Tally Brown, New York

USA 1977/78
Produktion, Buch & Regie:
Rosa von Praunheim
Kamera: Lloyd Williams,
Michael Oblowitz,
Juliana Wang, Edvard Lieber,
Rosa von Praunheim
Schnitt: Rosa von Praunheim,
Mike Shephard
Musik: Tally Brown,
Holly Woodlawn

Darsteller: Tally Brown, Divine,
Holly Woodlawn, Taylor Mead,
Robert & Elizabeth Kashy,
Edward Caton, Andy Warhol
Laufzeit: 97 Min., Farbe
EA: 4.5.1979
TV: WDR III, HR III 1980
Auszeichnungen: Bundesfilmpreis 1979
Verleih: Basis-Film
Der Film dokumentiert das Leben des New Yorker Underground-Stars Tally Brown. Tally Brown singt »Heroes«, den David Bowie-Titel, und »Love in vain« (Rolling Stones). Auf ihren Wegen in Manhattan, in Las Vegas, in Miami erzählt sie von ihrer Karriere, von ihrem Entdecker Leonard Bernstein, von ihrer Mutter. Ihre Freunde, Stars des new yorker Underground, werden vorgestellt; Holly Woodlawn singt »Dr. Jazz«. Vor der Skyline von Manhattan erklärt Tally Brown ihre Liebe für New York. Die Kamera setzt die Worte optisch um und drückt sich in einer Reihe von Zooms ein Hochhaus nach dem anderen an die Brust.

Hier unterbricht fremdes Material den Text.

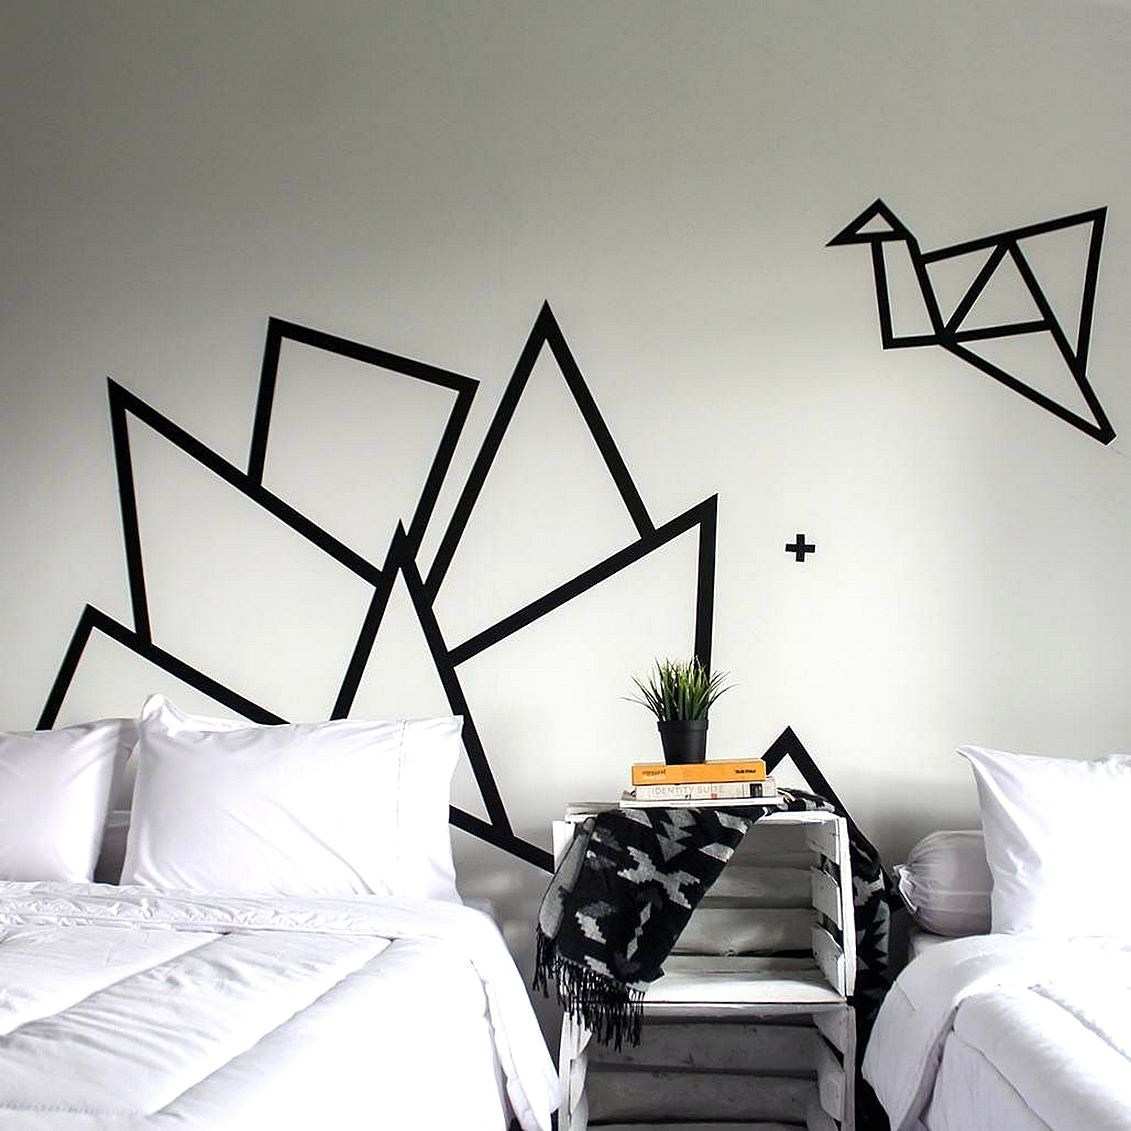 wallpaper dinding kamar hitam putih,wall,black and white,room,furniture,monochrome photography

In der abendlichen Dämmerstunde sorgt die große Reklametafel des Times Square für bunte anheimelnde Farben. In einem langen langsamen Schwenk taucht die Kamera in die Tiefe, vorbei an Pornokinos, Peepshows, Imbissständen, Passanten, Geschäftsleuten, Asozialen. In einer Nachtbar sieht man hinten, fern, klein und karg, einen Haufen schwarzer Kleider, hinter einem Mikrofon. Ein Klavier spielt. Tally Brown steht auf und singt mit ihrer Bluesstimme David Bowies »Heroes«.
Die Kamera, wiederum im Schneckentempo, zoomt auf die Sängerin zu. Man erkennt jetzt, wie aufgedunsen, fett und häßlich sie ist. Sie hat grauenhafte Zähne, die Lippen sind grell geschminkt, die Augen schwarz zugeschmiert. »We could be heroes for just one day«. Die Kamera ist jetzt ganz nah. Tally Brown singt die Schlußverse auf deutsch. »Werden wir Helden für einen Tag. Wir sind dann wir an diesem Tag«. Tally Brown glaubt daran. Sie ist die Heldin, und der Zuschauer hat sich faszinieren lassen, Held auch er. Und sie ist die Größte.

Der Film wurde 1979 mit dem Bundesfilmpreis ausgezeichnet. Die Kritiker der Kinoaufführungen von 1979 registrierten, wie gut es ihrem Publikum tut, »dieser fetten, häßlichen, kranken, aber ungeheuer starken Frau zuzuhören, die mit ihrer Arbeit Anteil an der Verzweiflung der anderen nimmt«, schrieb Doris Dörrie, und Rudolf Thome fand: »Rosa von Praunheim ist einer der aufregendsten deutschen Filmemacher«. In New York war der Film im Dezember 1979 im Museum of Modern Art zu sehen. Die Village Voice schrieb dazu: »In seiner Art ist »Tally Brown, New York« der beste Dokumentarfilm über New York seit Chantal Akermans News From Home«.